I lost my voice when I was almost four, but that’s another story for another day. I became invisible too – so invisible in fact, that people couldn’t see me, even if I was right in front of them. So invisible, that they would bump into me when I was walking on the street., I’m not a ghost, so they couldn’t walk through me, so I got some nasty jolts and bumps on occasion.
This is not a fantasy, it’s real, and it was painful then, but now I’m grateful. This condition made me an extraordinary “fly on the wall”. An invisible, extraordinary, “fly on the wall”.
My powers of observation were honed to a degree, that I could see beyond what was said or demonstrated. I could feel them, smell them, all the invisible memories and thoughts. The thoughts and memories would bounce from them onto a screen in my mind so I could watch them there.
Sometimes I would feel them there too. Sometimes, I could see other movie clips of other times. But after a while, I chose not to. Mostly because it became too jangled inside me. It became difficult to separate my movies from theirs, and it was a pain, a nightmarish pain to separate it all, especially because feelings slide around, they’re slippery and sticky at the same time. They will stick to yours so you don’t see them at first, then pretend to feel like your own, but they’re really not.
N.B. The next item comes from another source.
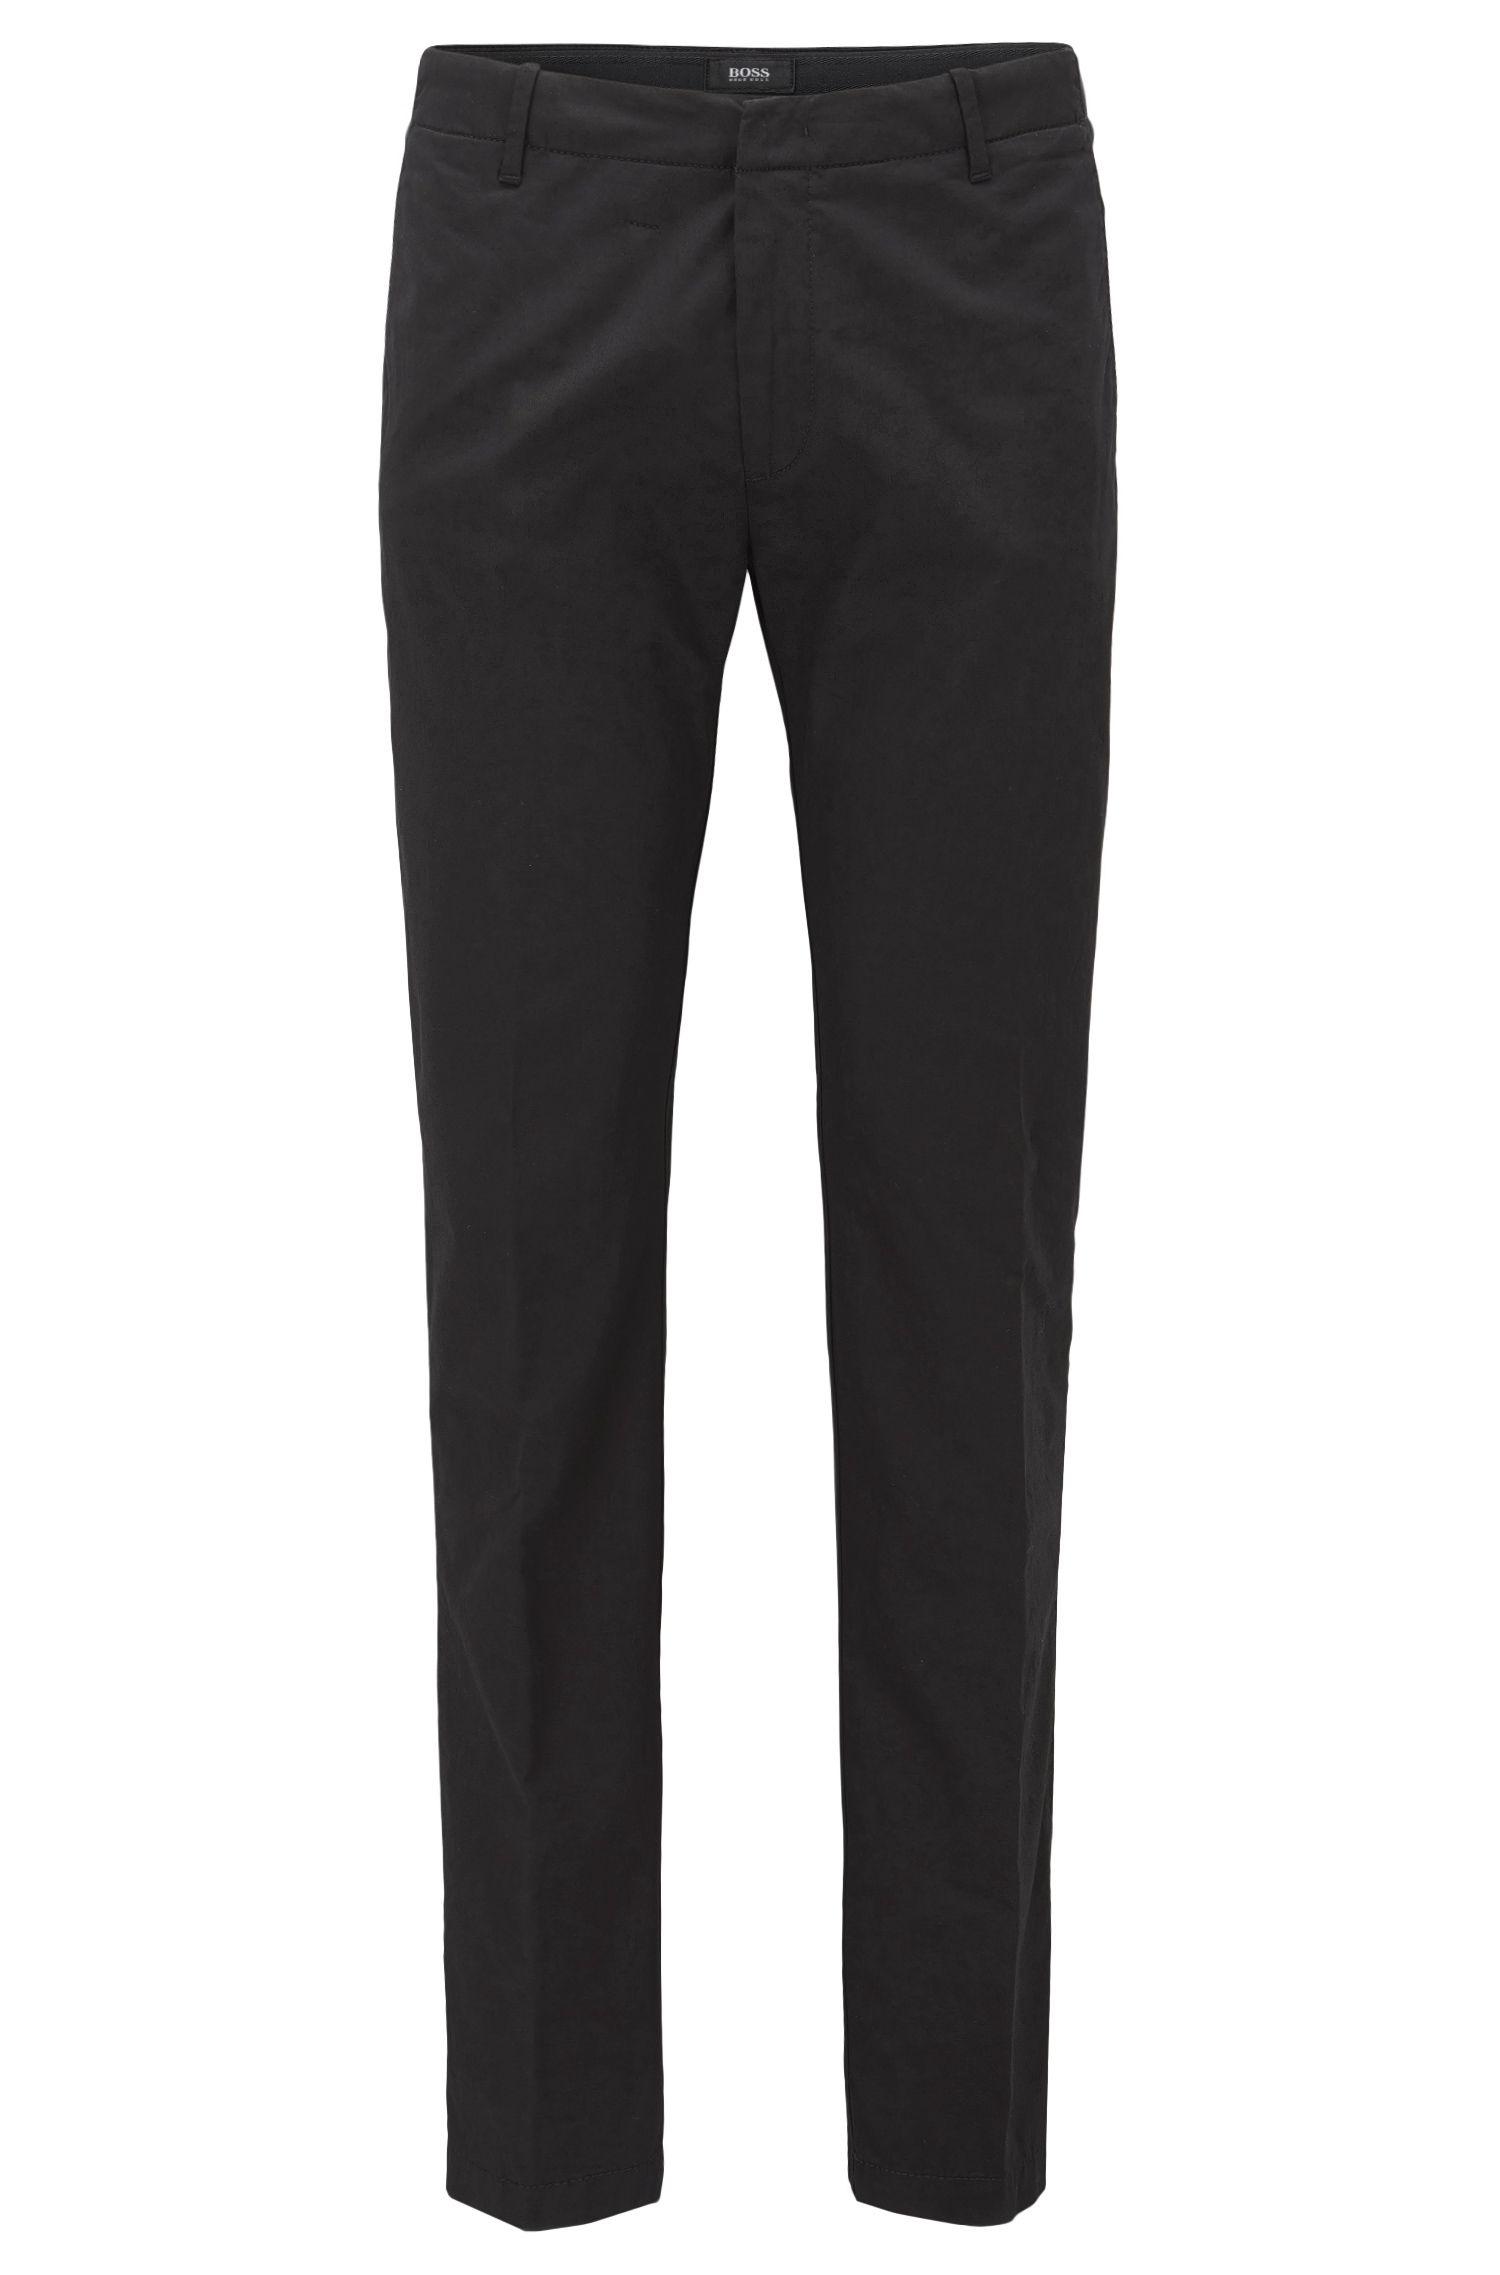 Slim-fit trousers in mercerised stretch cotton

That’s also around the time I just got tired of people. My friends became the books. Books became my real family, and my safe place became the space between the rows and walls of them. Whole entire tribes of them. They became my insulation from the bothersome feelings and thoughts floating around other people.
Hearing one thing coming from their faces was one thing, but seeing and feeling the inside percolating with something very different was confusing, unsettling, and very annoying. I was very irritated because others around them couldn’t see the inside of what that person really was. That their words were lies. Smarmy lies that covered dirty cores, dirty cores full of desire to cheat and hurt.
So, on occasion, the rare occasion I’d come across someone who was whole and complete, which to me means, the same on the inside as the outside. In those rare instances, I would just be still. Or the opposite, my words would flow out like chipmunk chatter, an endless flow of thoughts, dreams, and observations.
They would just nod and listen. Didn’t happen very often. I can count the times on one hand.